First View of Black Mesa
Black Mesa Oklahoma is the Eastern edge of the Jemez volcanic complex, which trends east, northeast across Northern New Mexico. Black Mesa is formed by a volcanic, erosion resistant cap of dark basalt. It is about a three-hour drive from Santa Fe to Kenton OK (pop. 17) the closest town to the Black Mesa trailhead. Black Mesa is a large structure, the actual high point of which is in Colorado (5,715 ft.). This area was purchased by the Nature Conservancy a few years ago, and they have done a great job with facilities at the trailhead, signage, trail maintenance and rest benches every mile along the trail.
Martha at the Summit
Insouciant Success
Excellent signage on the Black Mesa Trail
Big Sky from Black Mesa Summit
This part of Oklahoma is high desert, and it was really hot – about 95° F and blowing a dry wind about 20 mph from the southwest. The Nature Conservancy recently bought this land, and has done a really good job in marking and maintaining the trail. There were rest benches every mile, and excellent signage. I was hoping to see some snakes, coyotes or cattle rustlers; but this was a long dusty hike with no such entertainment.

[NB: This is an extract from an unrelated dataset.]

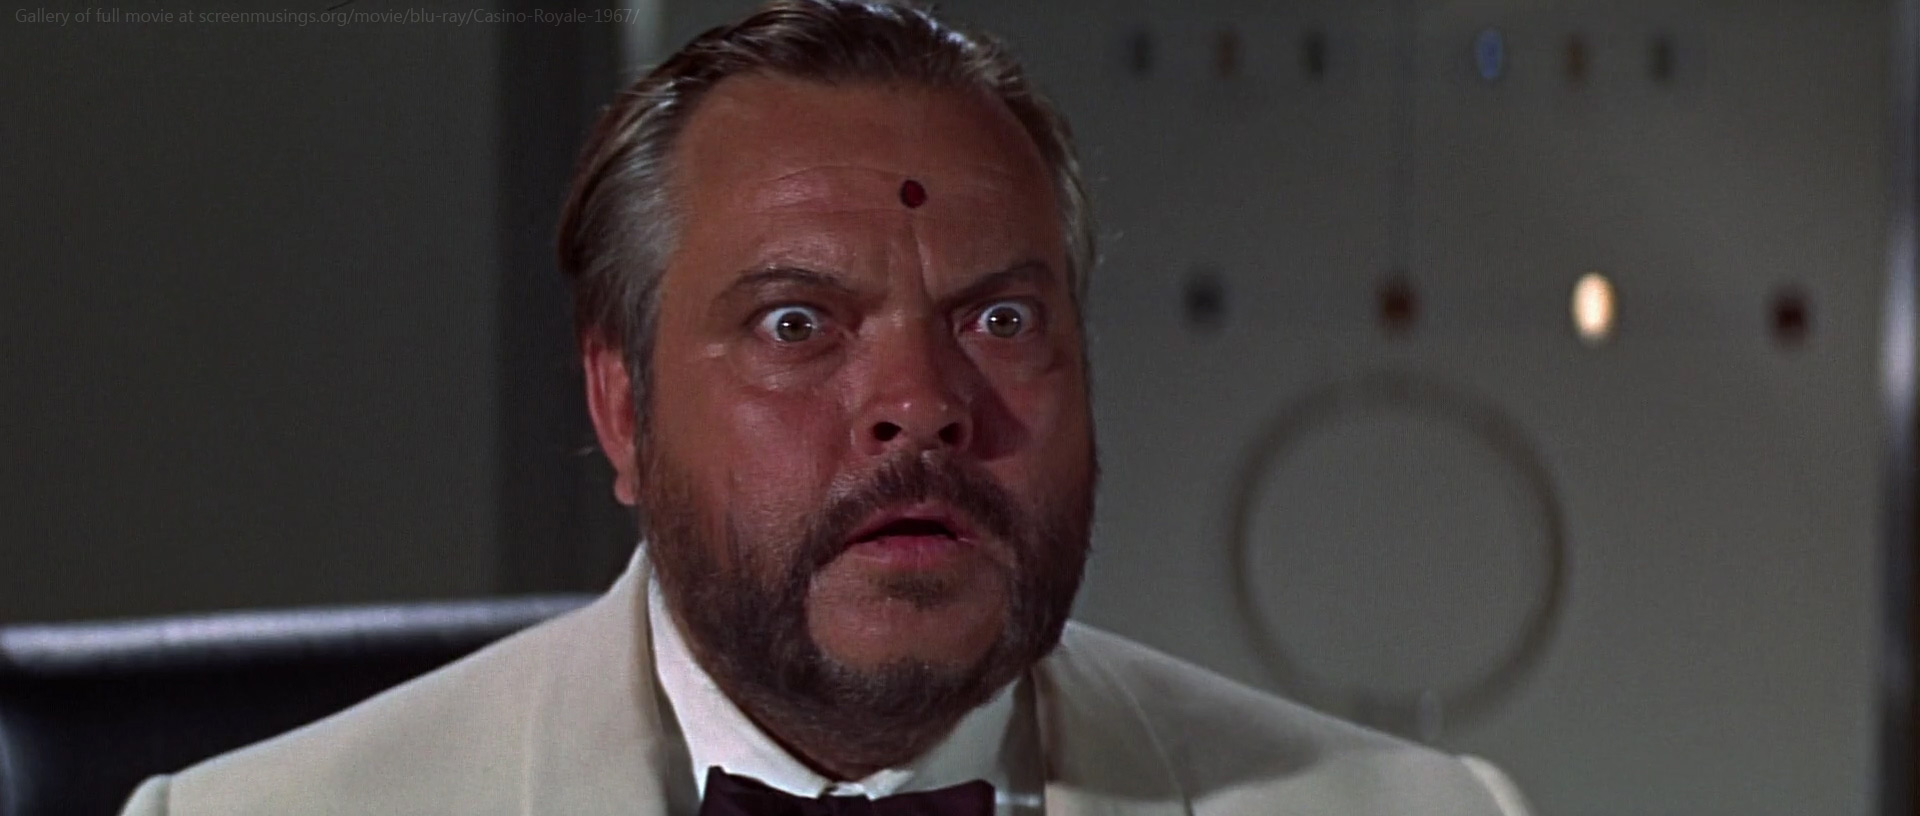 Orson Welles in Casino Royale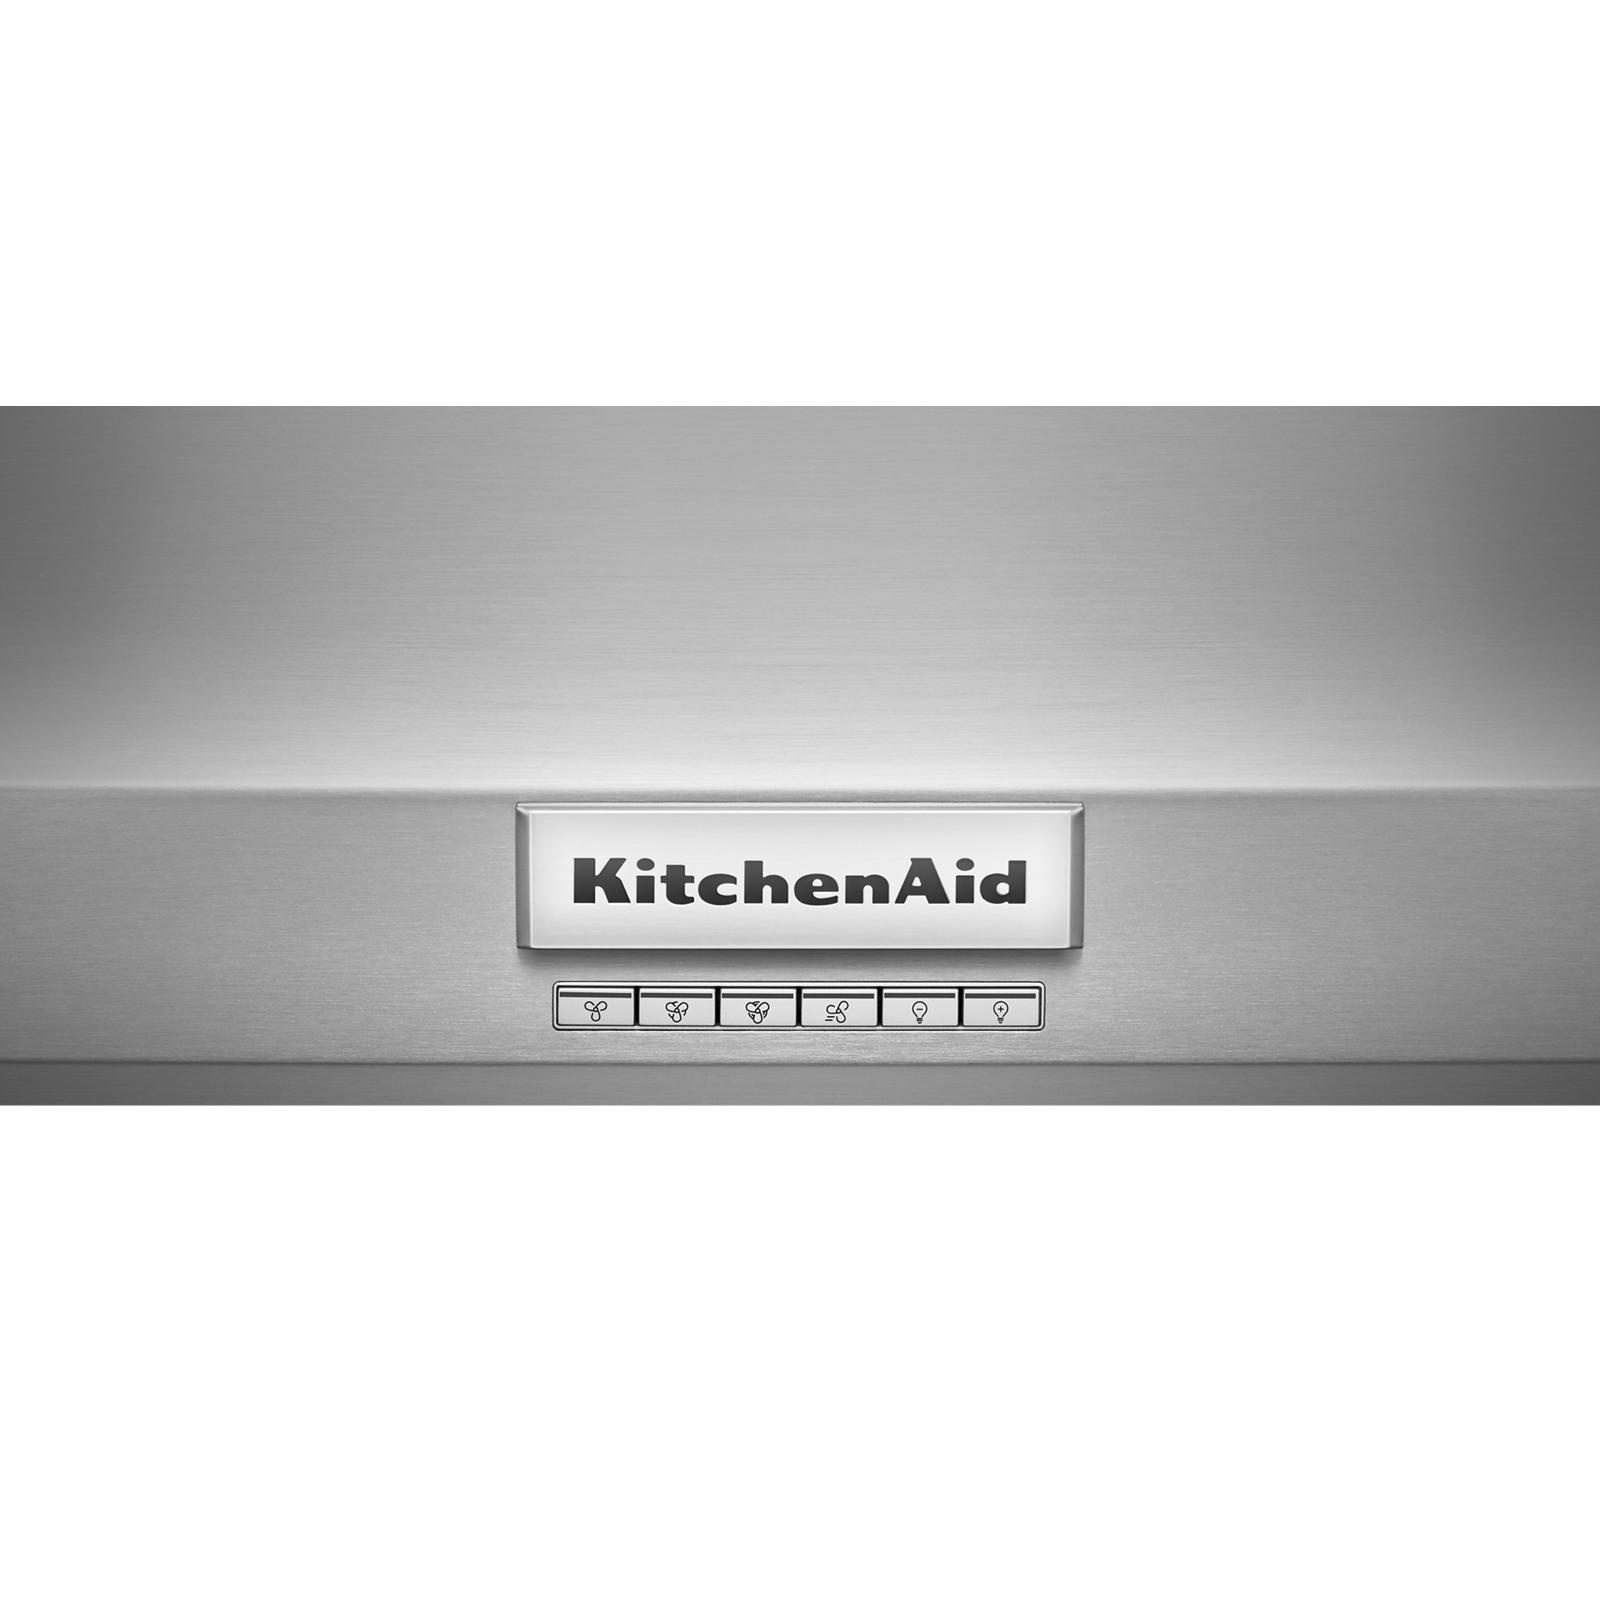 KitchenAid - 48 Inch 585 or 1170 CFM Wall Mount and Chimney Range Vent in Stainless - KVWC958KSS

Cholla Cactus on the Black Mesa Trail
Pueblo in Frijoles Canyon
Back in Santa Fe we reconstituted the team, and headed out to Bandelier National Monument to check out the ancient pueblos and perhaps grab a hike. Bandelier is named for the eponymous Swiss-American anthropologist who did most of the early study of the area. This entire area is part of the Jemez Volcanic complex which includes the Valles Caldera, the remains of a super-volcano which exploded about 1.5Ma. Part of the explosion includes stupendous amount of soft rhyolite (very light colored) volcanic ash. This ash erodes very easily, and creates the cliffs that are the homes of the Pueblos.
Rio Grande Rift
Volcanic Rocks of New Mexico
The volcanic rift geology of the region defined the lives of the indigenous peoples – providing Rio Grande River Valley and the soft volcanic ash cliff that defined their homes. The magnificent Valles Caldera holds water and feeds wildlife, as well as providing the setting for numerous films and TV shows including the recent Lone Ranger, The Gambler and Longmire.
Wall painting at Bandelier
Bill, Allen and Martha considering real estate
High Pueblo – Note the people and ladders on the cliff
Mountains forming the rim of Valles Caldera
Valles Caldera from Cerro Grande
After a morning in the Canyon, I wanted to take a quick look at the Caldera from above. The overlook is a quick 4 mile (round trip) hike up to the 10,000 ft. Cerro Grande. This area burned over in the last few years, and the area was grass covered and the views were magnificent. There is a small rhyolite dome in the middle of the caldera, hot springs and tons of wild game – this place offers a wonderful ROC (return on climb).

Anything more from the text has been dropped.